Equivalent classification mapping for weakly supervised temporal action localization
Abstract
Weakly supervised temporal action localization is a newly emerging yet widely studied topic in recent years. The existing methods can be categorized into the pre-classification pipeline and the post-classification pipeline.
The pre-classification pipeline first performs classification on each video snippet and then aggregates the snippet-level classification scores to obtain the video-level classification score. In contrast, the post-classification pipeline aggregates the snippet-level features first and then predicts the video-level classification score based on the aggregated feature.
Although the classifiers in these two pipelines are used in different ways, the role they play is exactly the same. To this end, an ideal classifier can make both pipelines work.
Methodology
This inspires us to simultaneously learn these two pipelines in a unified framework to obtain an effective classifier. Specifically, we implement two parallel network streams to model the two localization-by-classification pipelines simultaneously and make the two network streams share the same classifier. This achieves the novel Equivalent Classification Mapping (ECM) mechanism.

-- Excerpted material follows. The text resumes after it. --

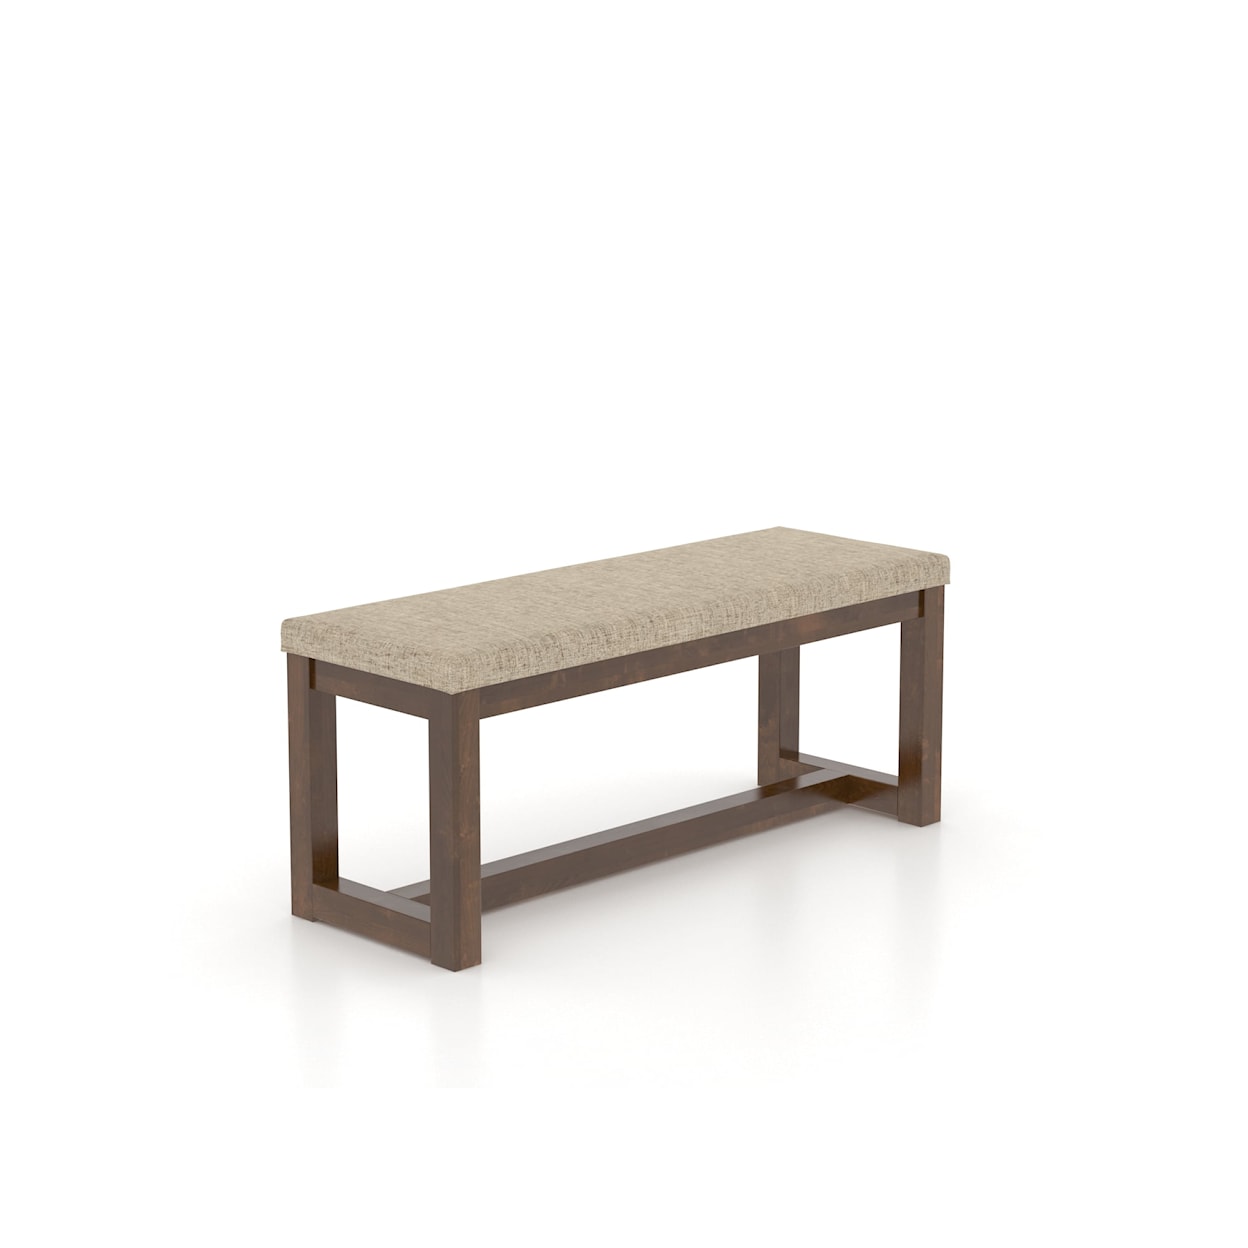 Canadel Canadel Upholstered bench

Moreover, we discover that an ideal classifier may possess two characteristics:
1. The frame-level classification scores obtained from the pre-classification stream and the feature aggregation weights in the post-classification stream should be consistent.
2. The classification results of these two streams should be identical.
Based on these two characteristics, we further introduce a weight-transition module and an equivalent training strategy into the proposed learning framework, which assists to thoroughly mine the equivalence mechanism.
Experimental Results
Comprehensive experiments are conducted on three benchmarks and ECM achieves accurate action localization results.
The results demonstrate that by simultaneously learning both pipelines and enforcing the equivalence constraints, the proposed ECM framework can effectively learn a superior classifier that works well for both pipelines, leading to improved temporal action localization performance.